Scientists have long sought to develop more effective and less toxic therapies for Ewing sarcoma, an aggressive bone cancer that affects approximately 250 children and teens each year, but there has been a stumbling block: the lack of a reliable animal model system for studying the disease, but researchers at Children’s Hospital Los Angeles have developed such a model—in zebrafish, according to a news release.
Although many patients are cured, treatments are intense and can have long-lasting effects. In addition, about 25% of patients have tumors that spread throughout the body—resulting in poor survival.

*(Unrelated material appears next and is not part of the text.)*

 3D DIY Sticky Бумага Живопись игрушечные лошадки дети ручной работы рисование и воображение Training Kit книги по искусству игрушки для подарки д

“One of the big challenges in Ewing sarcoma research has been that we haven’t had a preclinical model,” explains Elena Vasileva, PhD, MSc, a postdoctoral fellow in the lab of James Amatruda, MD, PhD, at Children’s Hospital Los Angeles. “Our new zebrafish model allows us to better study the mechanisms of Ewing sarcoma development and how tumor cells are interacting with their environment.”
Those studies are already shedding new light on how Ewing sarcoma tumors grow. In a recent paper published in eLife, the researchers describe their new model—and the discovery of a pathway that could open the door to future targeted therapies.
What drives tumor growth?
Ewing sarcoma is driven by a “fusion oncogene”—basically, pieces from two different chromosomes that break off and then abnormally fuse together. The most common fusion oncogene found in Ewing sarcoma is EWSR1-FLI1. This powerful oncogene is toxic to most cell types, making it very challenging to study in other organisms.

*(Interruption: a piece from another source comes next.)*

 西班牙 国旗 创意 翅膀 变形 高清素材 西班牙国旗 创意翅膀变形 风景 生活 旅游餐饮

But the team overcame this challenge in zebrafish. The resulting model is very similar to human tumors and opens up a wealth of opportunities for researchers to study this cancer. Zebrafish also have the advantage of being transparent, allowing investigators to observe tumors from their earliest stages using innovative imaging techniques.

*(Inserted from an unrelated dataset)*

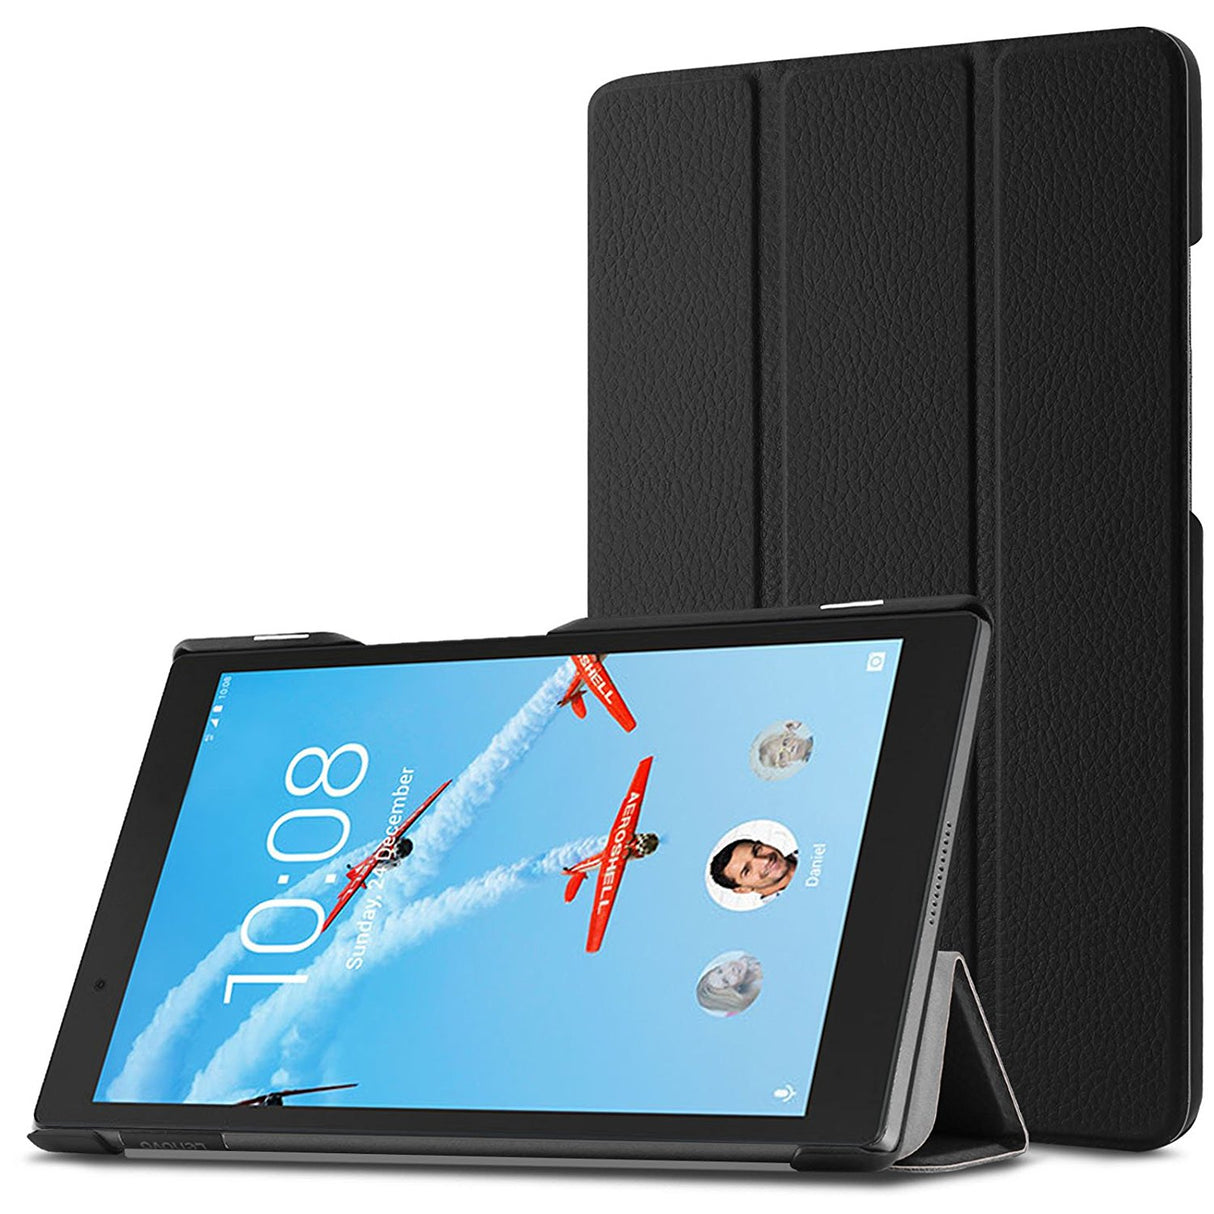 Capa 3 Dobras Smart Case Trifold Slim para Lenovo Tab 4 8 - Multi4you®

“It’s revolutionized our approach as a laboratory,” says Amatruda, senior author of the paper and Head of Basic and Translational Research for the Cancer and Blood Disease Institute. “We can now look in an unbiased way to find unexpected new insights into what drives tumor growth.”
In the team’s newest study, Vasileva analyzed tissue from early-stage tumors in zebrafish and tissue from healthy fish. She then compared which proteins the cells were switching “on” in each group.
She found that the tumor cells had an abnormal extracellular matrix. This is a network of collagen, proteins and other molecules that normally surrounds a cell and acts as a support structure, helping the cell to function and stay healthy.
The Ewing sarcoma cells had exploited this matrix to create a “tumor microenvironment” that supports their survival. Specifically, Vasileva discovered that proteoglycans—molecules in the matrix that play a key role in controlling cell signaling—were switched “on” and helping to drive growth of tumor cells.
What’s more, she found that treating the cancer with a molecule called surfen, which blocks proteoglycan activity, dramatically reduced tumor cell growth.
“This is a very exciting finding because we showed that we can manipulate and inhibit cancer cell growth by blocking signaling from the cell surface,” says Vasileva, the paper’s lead author. “No one had really been studying proteoglycans in Ewing sarcoma. This has opened up many new possibilities to explore.”
Narrowing the search
The next step for the team is to probe deeper into this pathway. Because many normal tissues in the body rely on proteoglycans, it is not as simple as blocking them altogether.
Instead, the group is searching for a more specific target—an enzyme or other molecule involved in the process—that could turn off this growth signal in Ewing sarcoma, but not in normal cells.
“One of the important things about this finding is that it suggests an additional way of attacking this cancer,” says Amatruda, who holds the Dr. Kenneth O. Williams Chair in Cancer Research. “Instead of killing the tumor cells directly, we could potentially disable them from the outside—from their environment.”
The lab is using its new zebrafish model to examine other critical questions, too, including: Where do Ewing sarcoma cells come from? And how does the immune system interact with the cancer?
“Having a living model opens up so many new potential avenues for discovery,” Amatruda says. “Our goal is to continue to explore these pathways to develop more targeted and effective therapies for these young patients.”